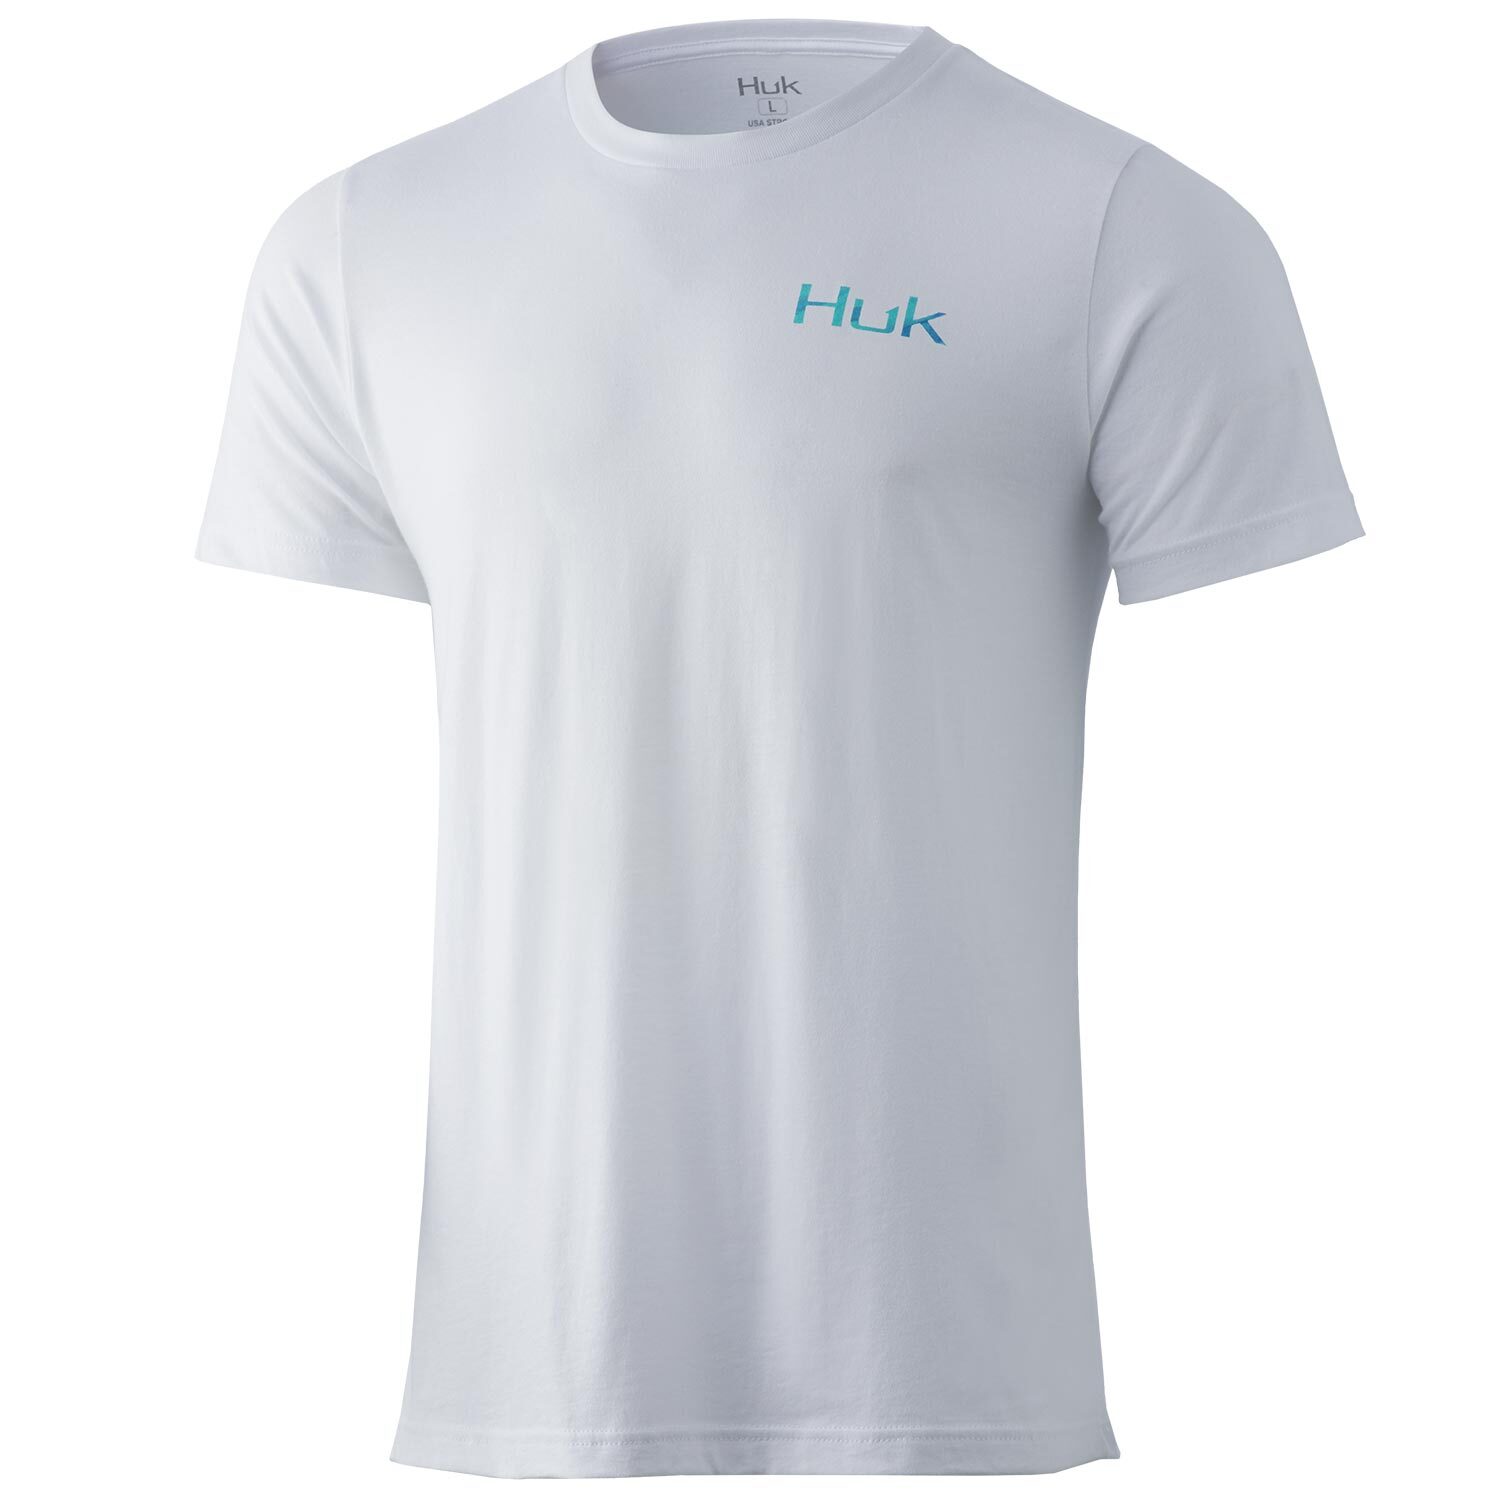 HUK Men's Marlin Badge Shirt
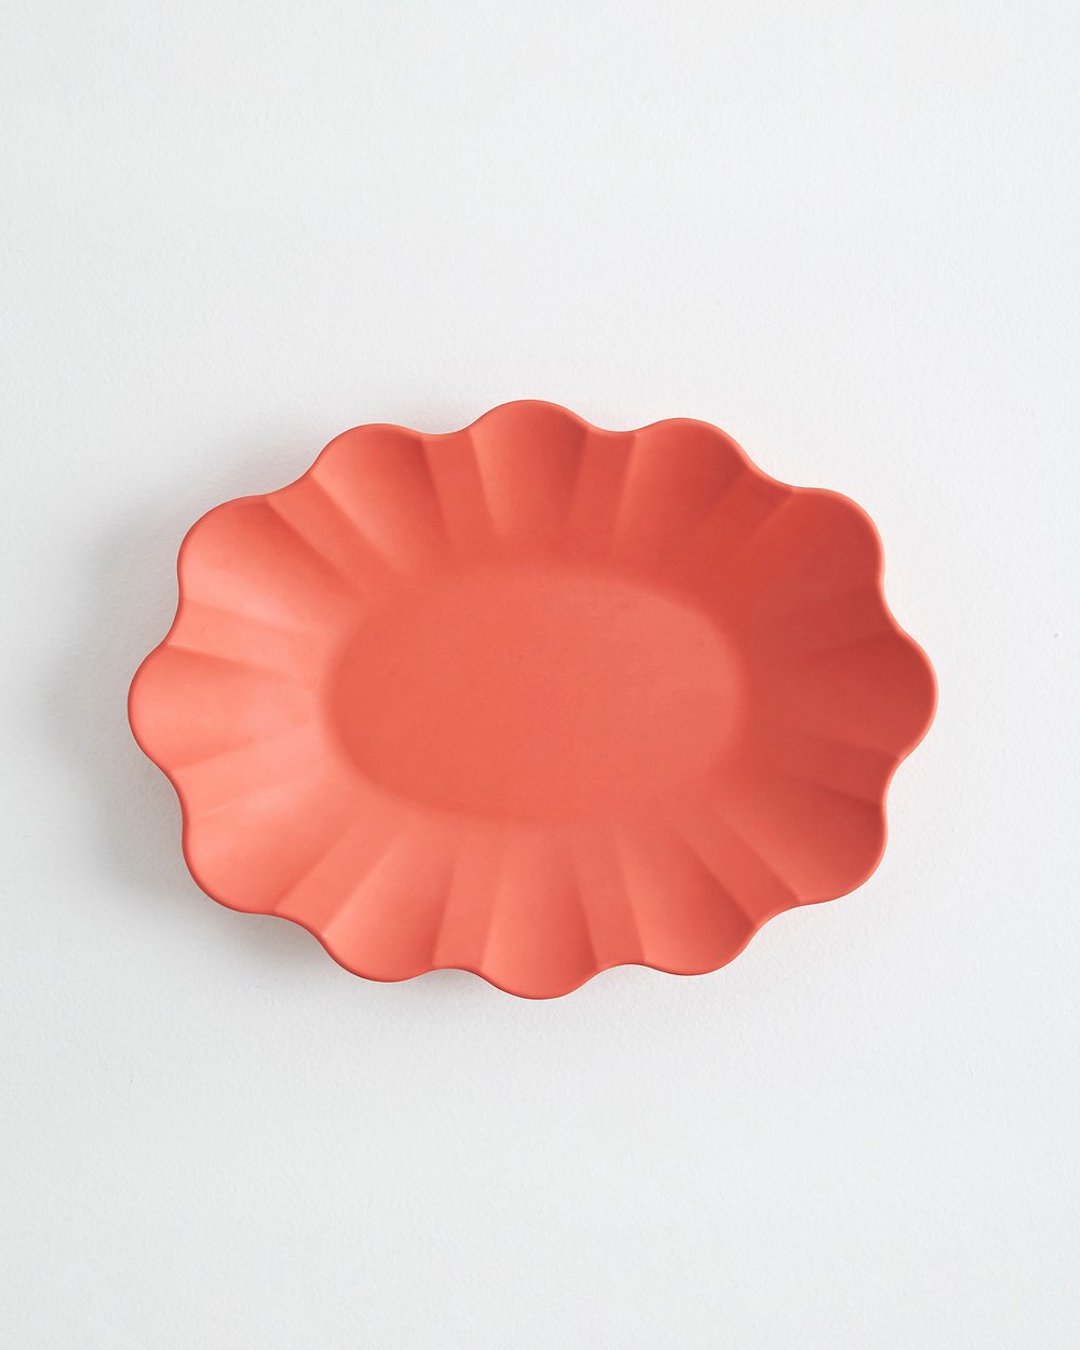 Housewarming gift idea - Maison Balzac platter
* * *
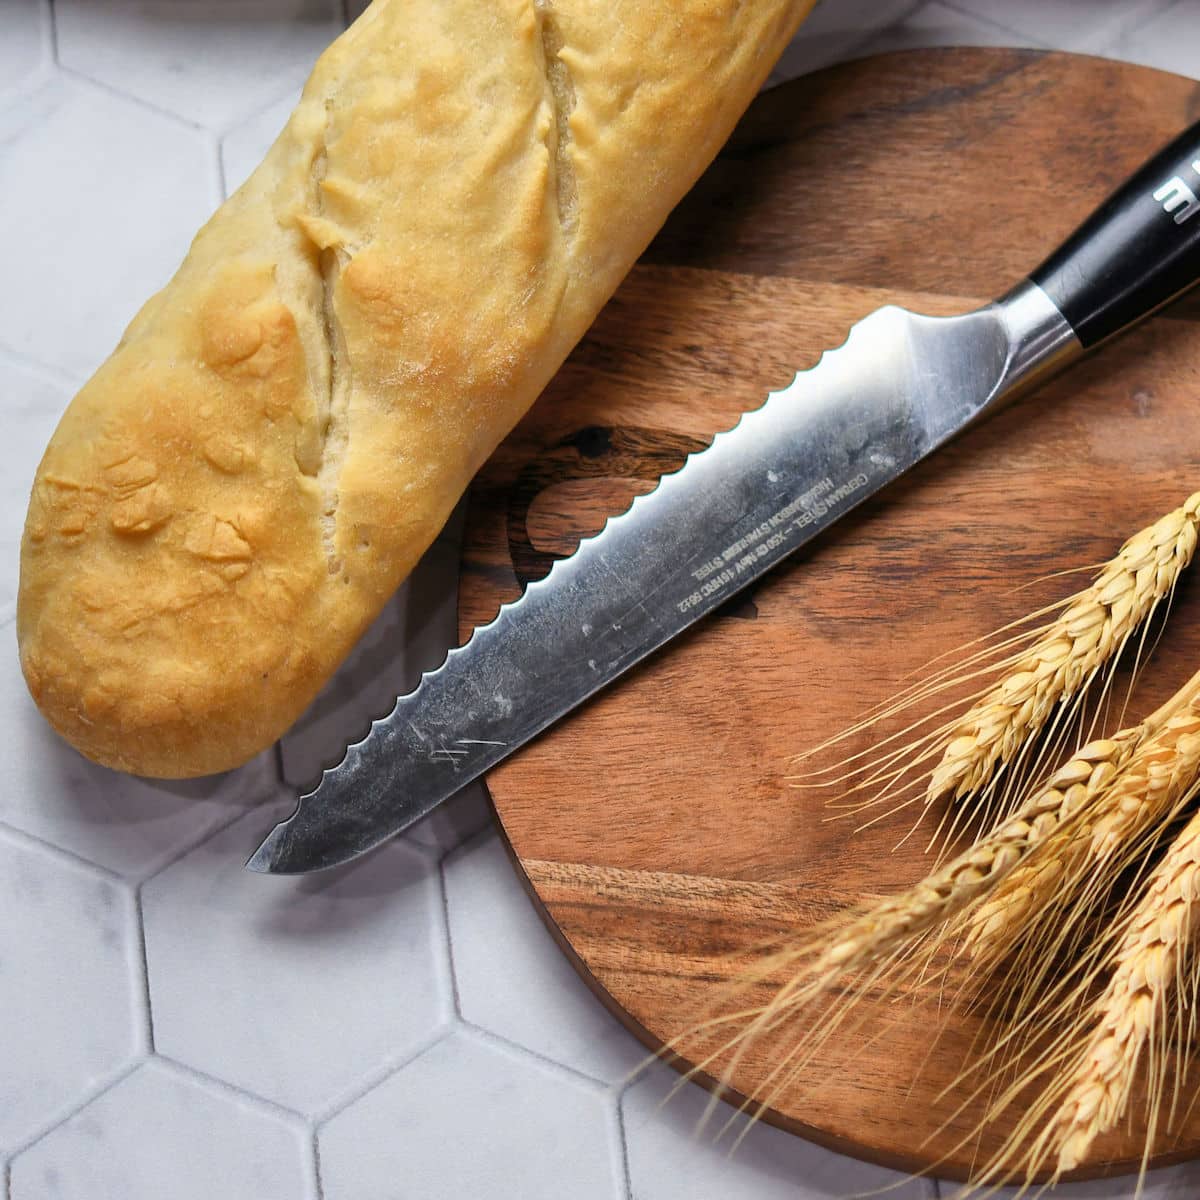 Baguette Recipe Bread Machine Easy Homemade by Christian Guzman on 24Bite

_Task directions:_ Print, exactly and with no pictures, the lines of the listing above starting at the one that has "HUK Men's Marlin Badge Shirt" and ending at the one that has "Housewarming gift idea", both included.

_Solution to this problem:_
 HUK Men's Marlin Badge Shirt
 Housewarming gift idea - Maison Balzac platter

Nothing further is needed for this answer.